1. The value of \(\sqrt{(-16)}\) is

(a) -4i
(b) 4i
(c) -2i
(d) 2i

2. The value of \(\sqrt{(-144)}\) is

(a) -12i
(b) 12i
(c) -10i
(d) 2i

3.  The value of \(\sqrt{-25}+3\sqrt{-4}+2\sqrt{-9}\) is

(a) -17i
(b) 15i
(c) 17i
(d) 8i

4. if z lies on |z| = 1, then 2/z lies on

(a) a circle
(b) an ellipse
(c) a straight line
(d) a parabola

5. If ω is an imaginary cube root of unity, then (1 + ω – ω²)⁷ equals

(a) 128 ω
(b) -128 ω
(c) 128 ω²
(d) -128 ω²

6. The value of i¹³⁵ is

(a) 1
(b) -1
(c) i
(d) -i

7. Let z1 and z2 be two roots of the equation z² + az + b = 0, z being complex.
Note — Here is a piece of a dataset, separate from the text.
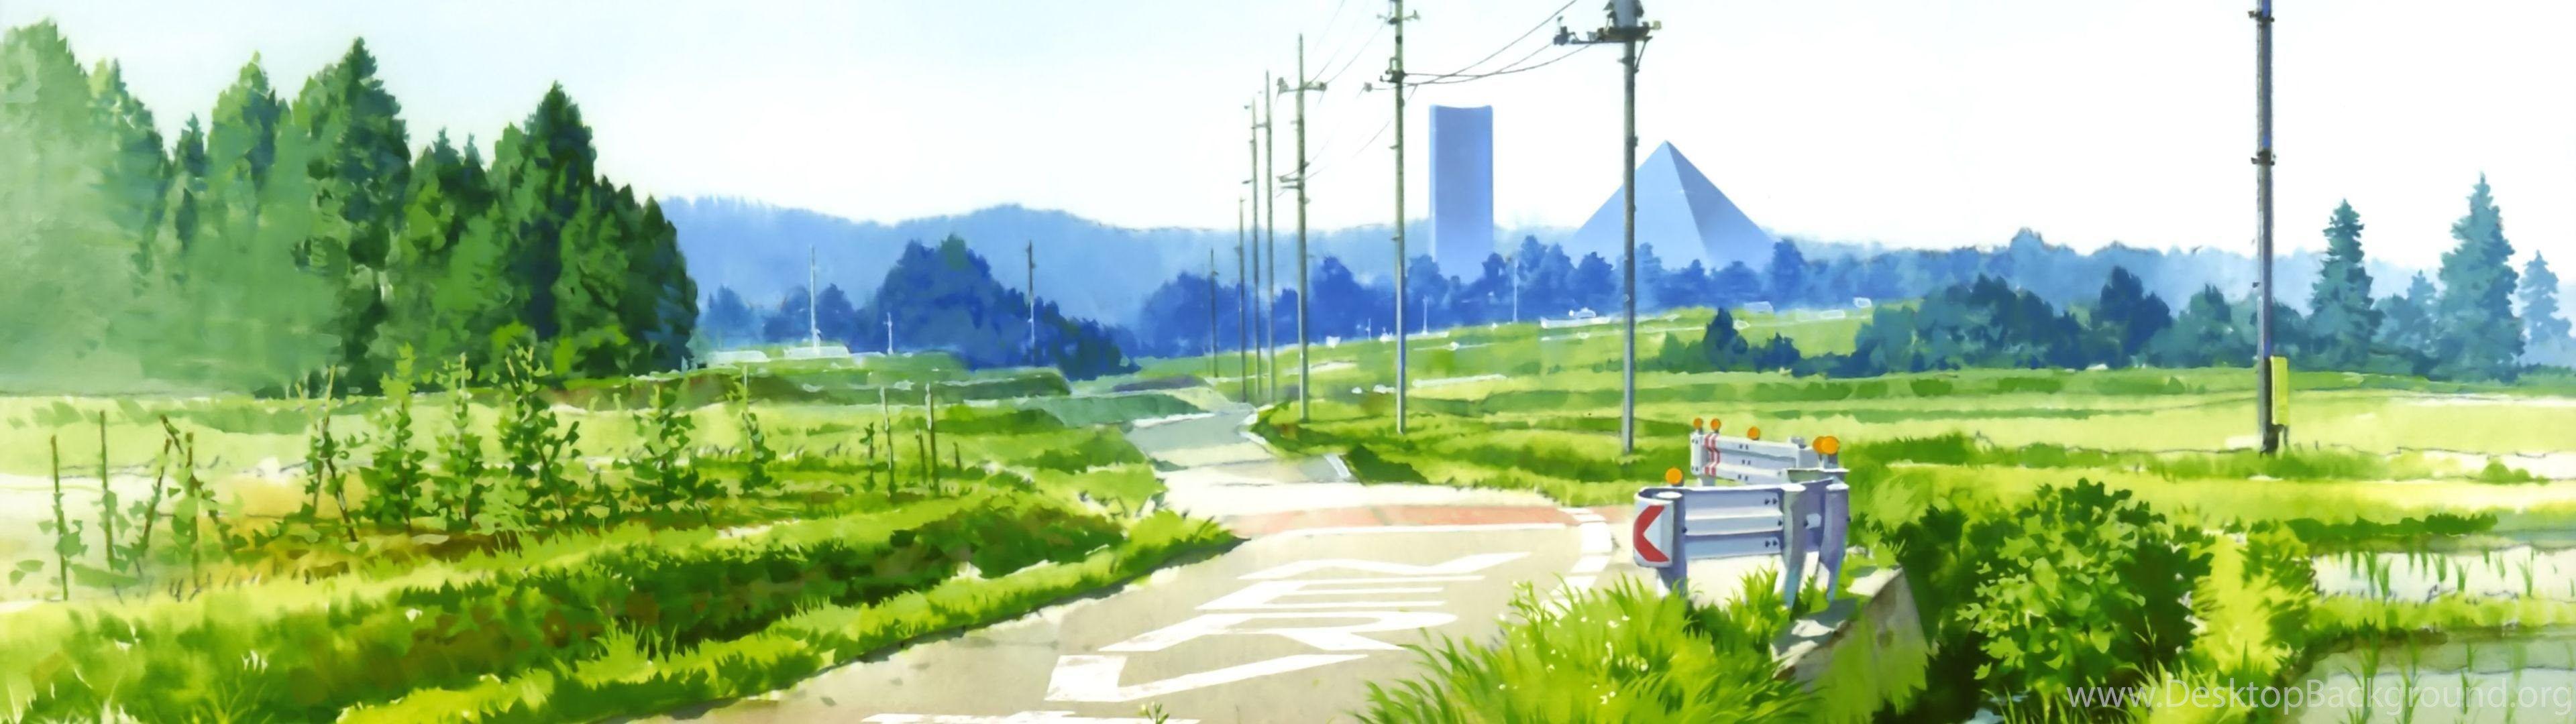 anime wallpaper dual monitor landscape

Further assume that the origin, z1 and z1 form an equilateral triangle. Then

(a) a² = b
(b) a²= 2b
(c) a² = 3b
(d) a² = 4b

8. The curve represented by Im(z²) = k, where k is a non-zero real number, is

(a) a pair of striaght line
(b) an ellipse
(c) a parabola
(d) a hyperbola 

9. The value of x and y if (3y – 2) + i(7 – 2x) = 0

(a) x = 7/2, y = 2/3
(b) x = 2/7, y = 2/3
(c) x = 7/2, y = 3/2
(d) x = 2/7, y = 3/2

10. Find real θ such that (3 + 2i × sin θ)/(1 – 2i × sin θ) is imaginary

(a) θ = nπ ± π/2 where n is an integer
(b) θ = nπ ± π/3 where n is an integer
(c) θ = nπ ± π/4 where n is an integer
(d) None of these

11. If arg (z) < 0, then arg (-z) – arg (z) =

(a) π
(b) -π
(c) -π/2
(d) π/2

12. The modulus of 3 + 4i is

(a) 5
(b) 25
(c) 15
(d) -5

13. The modulus of 5 + 3i is

(a) \(\sqrt{34}\)
(b) 25
(c) 15
(d) -5

14. The value of 1+ i² + i⁴ + i⁶ + i⁸ + ........+ i²⁰

(a) 1
(b) 2
(c) -1
(d) 3

15. Number of solutions of the equation z²+|z|² =0  is

(a) 1
(b) 2
(c) 3
(d) infinitely many

16. If ∣z−4∣<∣z−2∣, its solution is given by

(a) Re(z)>0
(b) Re(z)<0
(c) Re(z)>3
(d) Re(z)>2

17. If a + ib = c + id, then

(a) a² + c² = 0
(b) b² + c² = 0
(c) b² + d² = 0
(d) a² + b² = c² + d²

18.  If a complex number z lies in the interior or on the boundary of a circle of radius 3 units and centre (– 4, 0), the greatest value of |z +1| is

(a) 4
(b) 6
(c) 3
(d) 10

19. If 1 – i, is a root of the equation x2 + ax + b = 0, where a, b ∈ R, then the value of a – b is

(a) -4
(b) 0
(c) 2
(d) 1

20. The simplified value of (1 – i)³/(1 – i³) is

(a) 1
(b) -2
(c) -i
(d) 2i

Answer 2

1. Answer: (b) 4i

Explanation: Given,

  \(=\sqrt{(16)}\times\sqrt{(-1)}\)

= 4i {since i = \(\sqrt{(-1)}\)}

2. Answer: (b) 12i

Explanation: Given,

  \(=\sqrt{(144)}\times\sqrt{(-1)}\)

= 12i {since i = \(\sqrt{(-1)}\)}

3.  Answer: (c) 17i

Explanation: \(\sqrt{-25}+3\sqrt{-4}+2\sqrt{-9}\)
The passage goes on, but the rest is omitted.